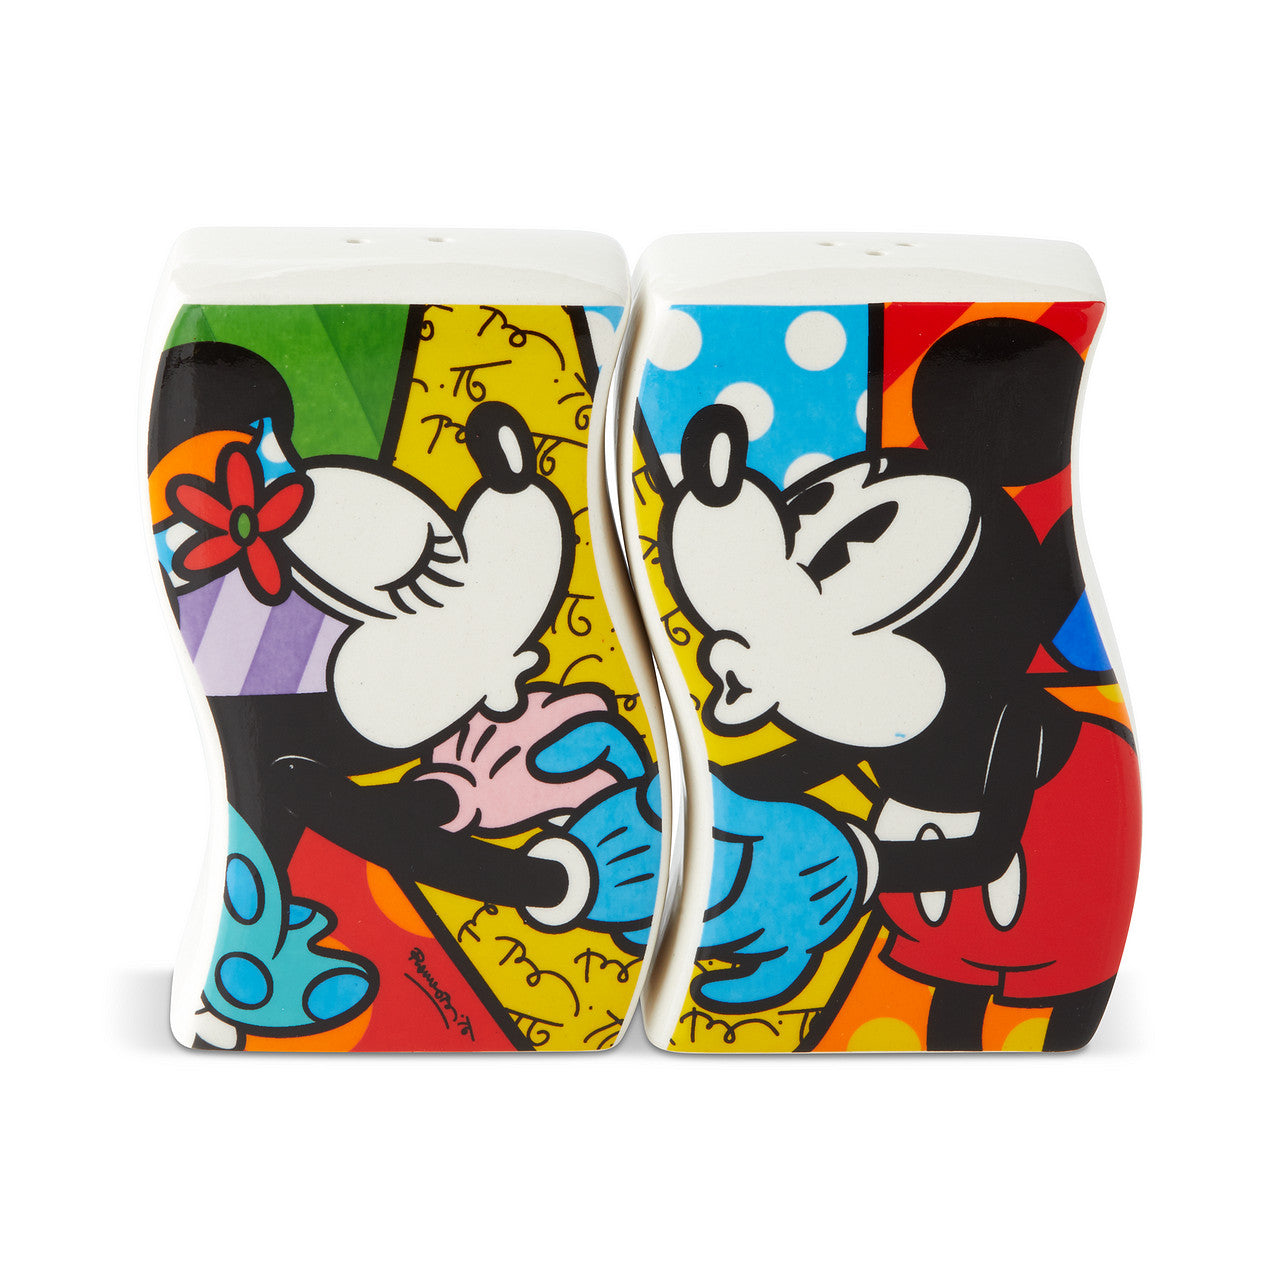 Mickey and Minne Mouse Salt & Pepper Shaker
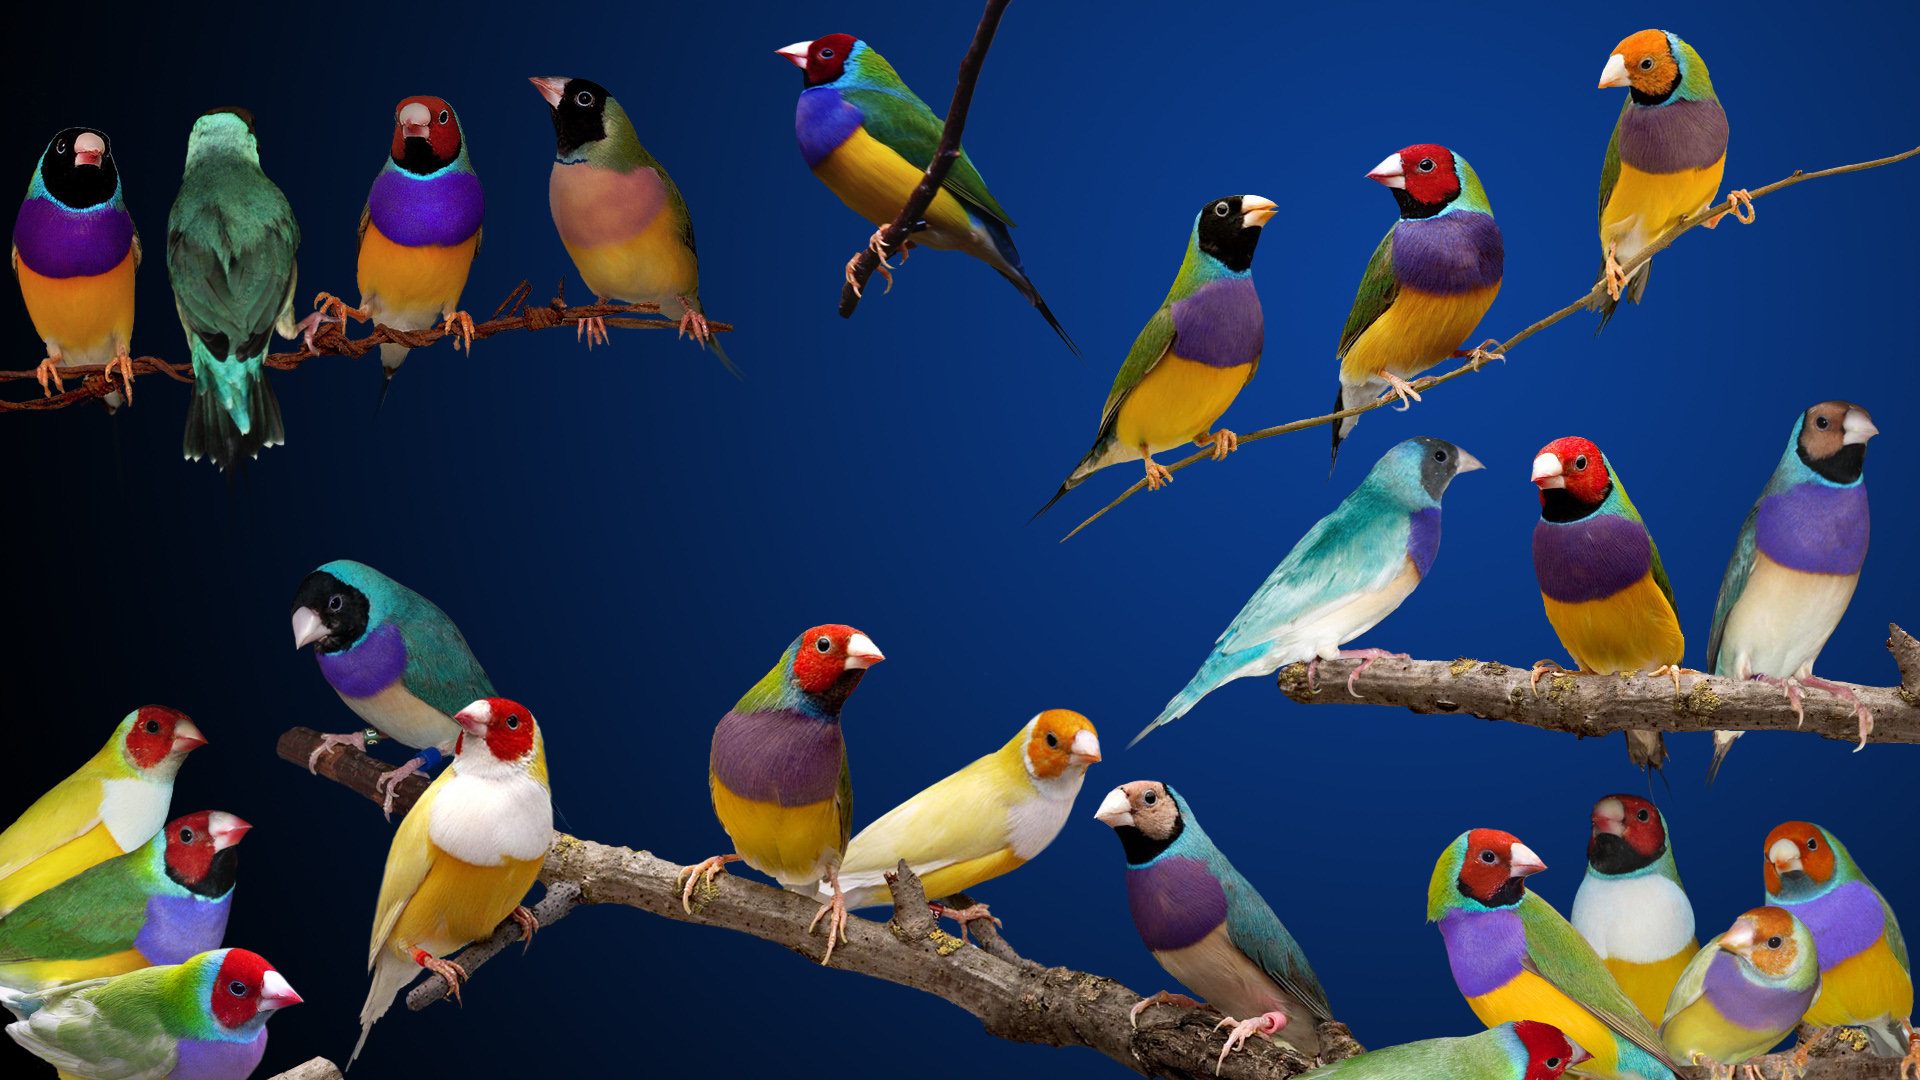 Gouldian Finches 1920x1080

* * *

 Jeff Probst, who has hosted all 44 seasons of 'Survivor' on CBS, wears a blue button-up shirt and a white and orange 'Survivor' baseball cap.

* * *

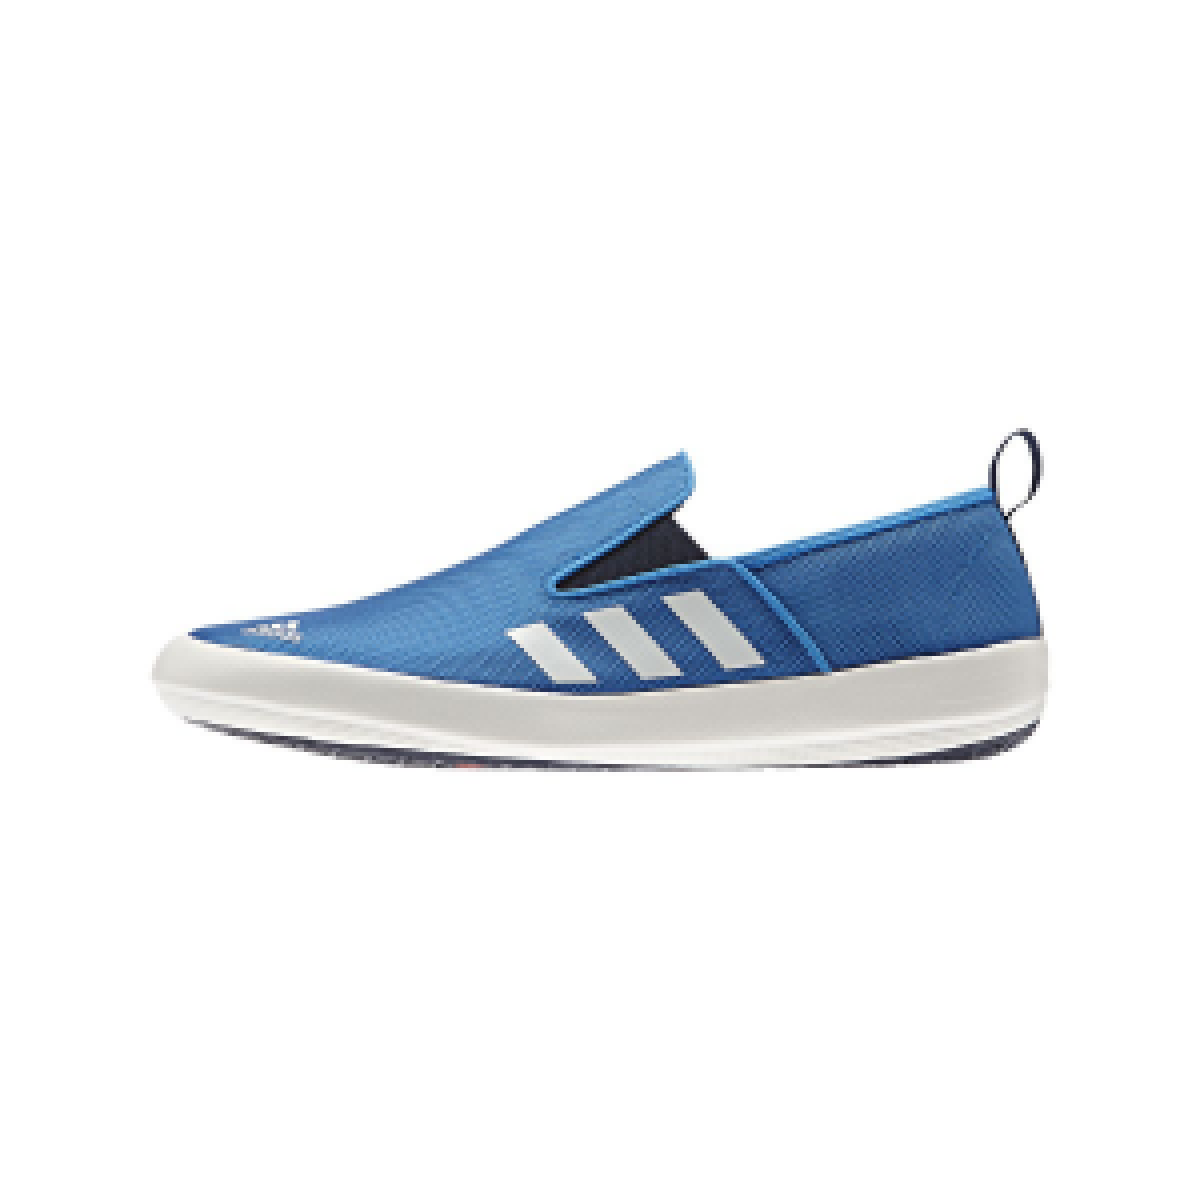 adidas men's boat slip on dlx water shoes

WHAT TO DO: Out of the records above, return only the lines from the one with "Mickey and Minne Mouse Salt & Pepper Shaker" through the one with "Gouldian Finches 1920x1080", exactly, and none of the pictures.

SOLUTION FOR THIS EXERCISE:
 Mickey and Minne Mouse Salt & Pepper Shaker
 Gouldian Finches 1920x1080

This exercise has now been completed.